There Go the Damn French Again!

Assuming you’re a passenger rail enthusiast, you can click here for a story about two new high-speed lines that just went into service in France. One is a 187-mile run from Paris to Bordeaux built at a cost of about US$9 billion; the other runs 112 miles from Paris to the western part of the country and cost US$4 billion.
 

 The article notes that these two new lines will drastically reduce travel times. An equivalent in the U.S. would be reducing the travel time between Washington, DC, and Charlotte, NC, from the current eight hours to just over two.
 
On second thought, you might prefer to skip the story because it will not brighten your day. The writer notes that the opening of two new high-speed rail lines is barely worth a mention in the French media and around most of the rest of the world.

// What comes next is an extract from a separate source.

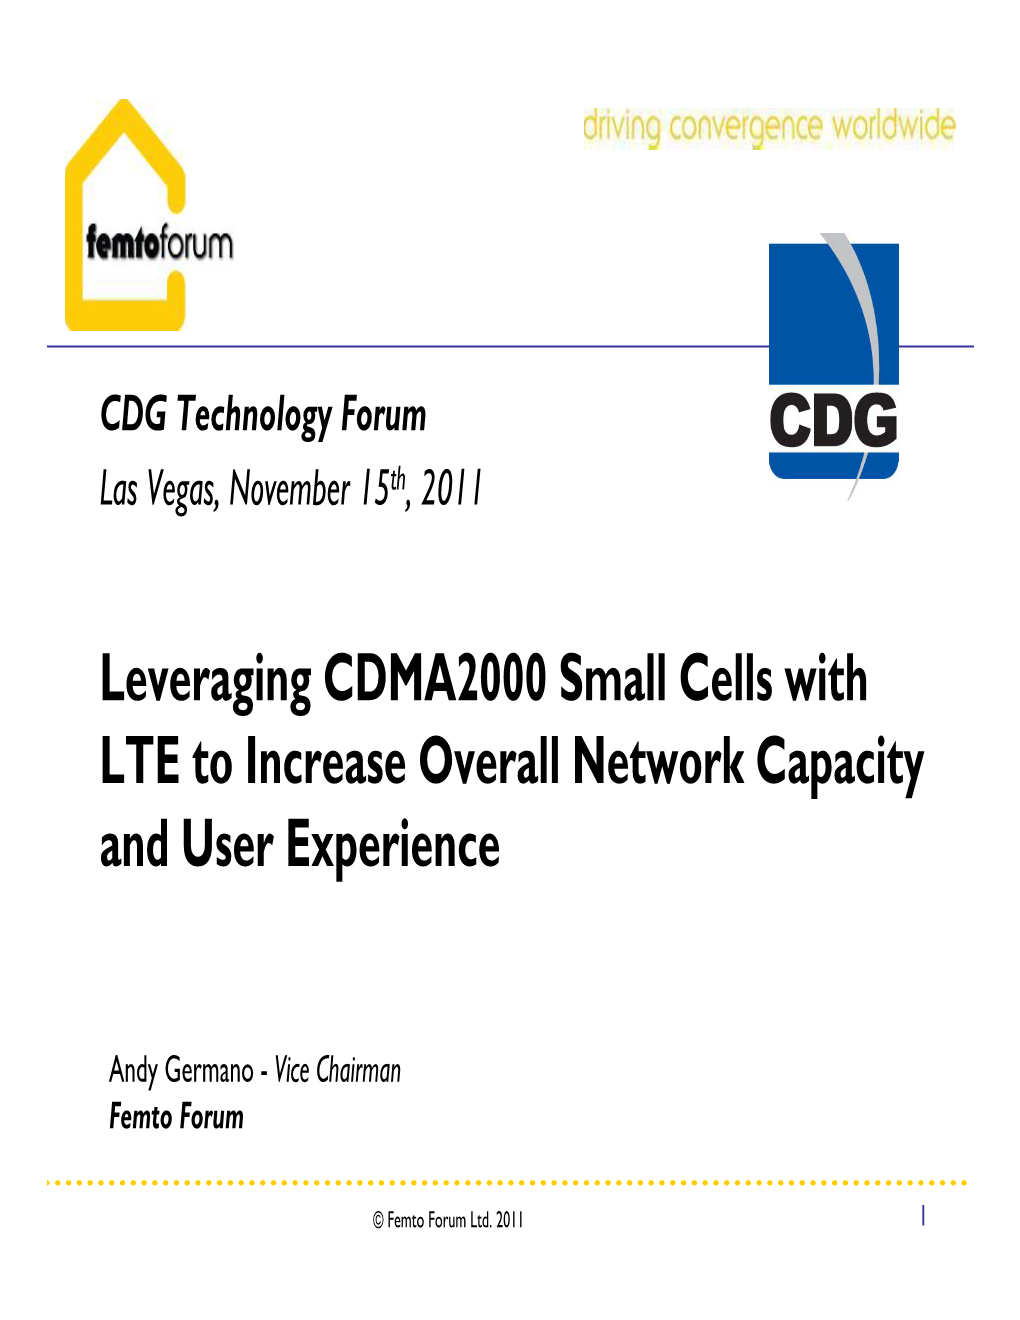 Leveraging CDMA2000 Small Cells with LTE to Increase Overall Network Capacity and User Experience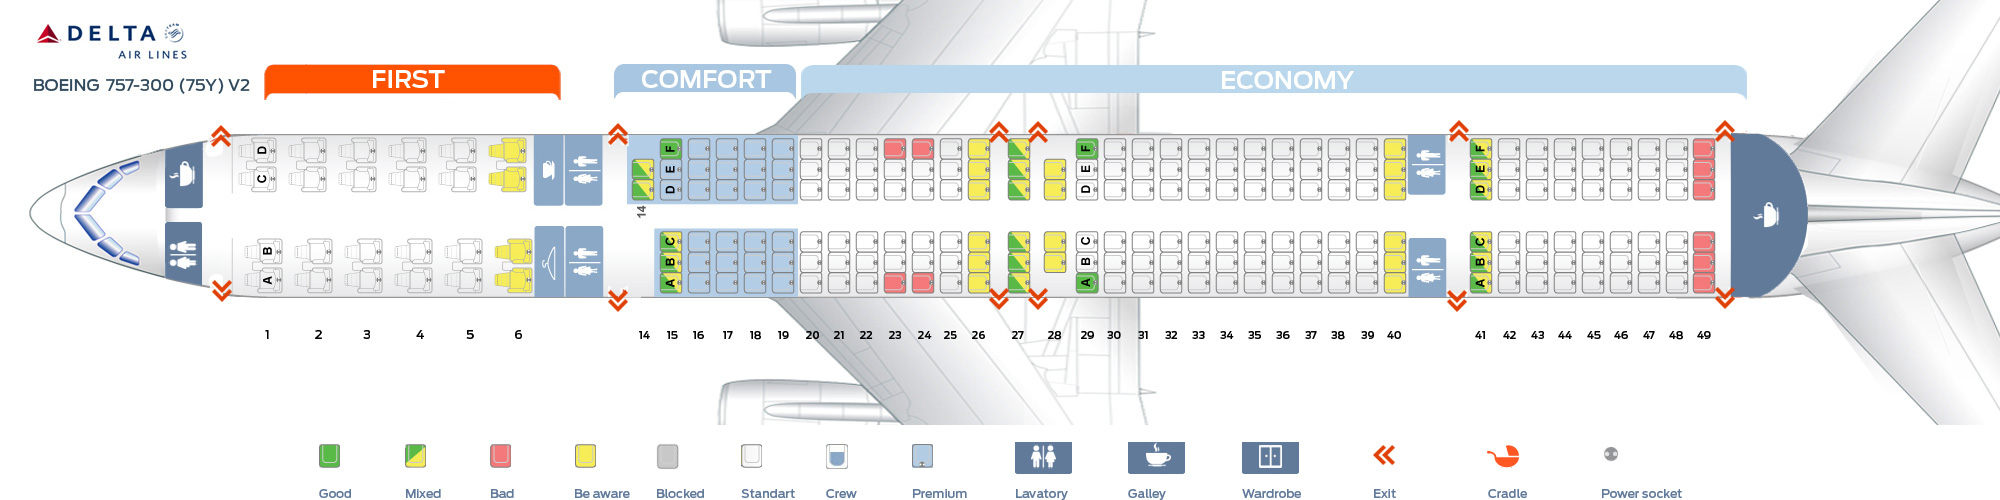 Seat Map Boeing 757 300 Delta Airlines Best Seats In Plane

Good heavens! When and if the first true high-speed line opens in this country, there will be brass bands and it’ll be the lead story on all the network newscasts.
 
What the hell is wrong with us, anyway? Have you read the letters to the editor bashing the California high-speed rail project? Or the one proposed for Texas? Or the anti-high speed rail comments on Facebook . . . in op-ed pieces . . . and in the articles in “The World’s Most Trusted Newspaper”? An epidemic of willful stupidity has infected this country. The entire rest of the developed world figured out that high-speed rail is the way to go a half century ago and here we are, with our alleged “leaders” in government and industry saying that it’s not a good idea … that it won’t be successful … and—God help us!—that we can’t afford it.
 
Of course we can afford it! We can afford high-speed rail so people can travel quickly and in comfort. We can afford health care so hundreds of thousands of our fellow Americans won’t die of curable afflictions. We can afford to make sure that little kids have clean drinking water … not contaminated sludge that affects their capacity to learn. And we can afford to educate our young people.
 
How can we do all that? How did the French do it? And the Japanese? And the Spanish and the Germans and the Chinese? They decided what was important for their society and they taxed the people to pay for it. Please don’t tell me we can’t afford to provide our citizens with good public transportation, adequate health care and a good education. Of course we can!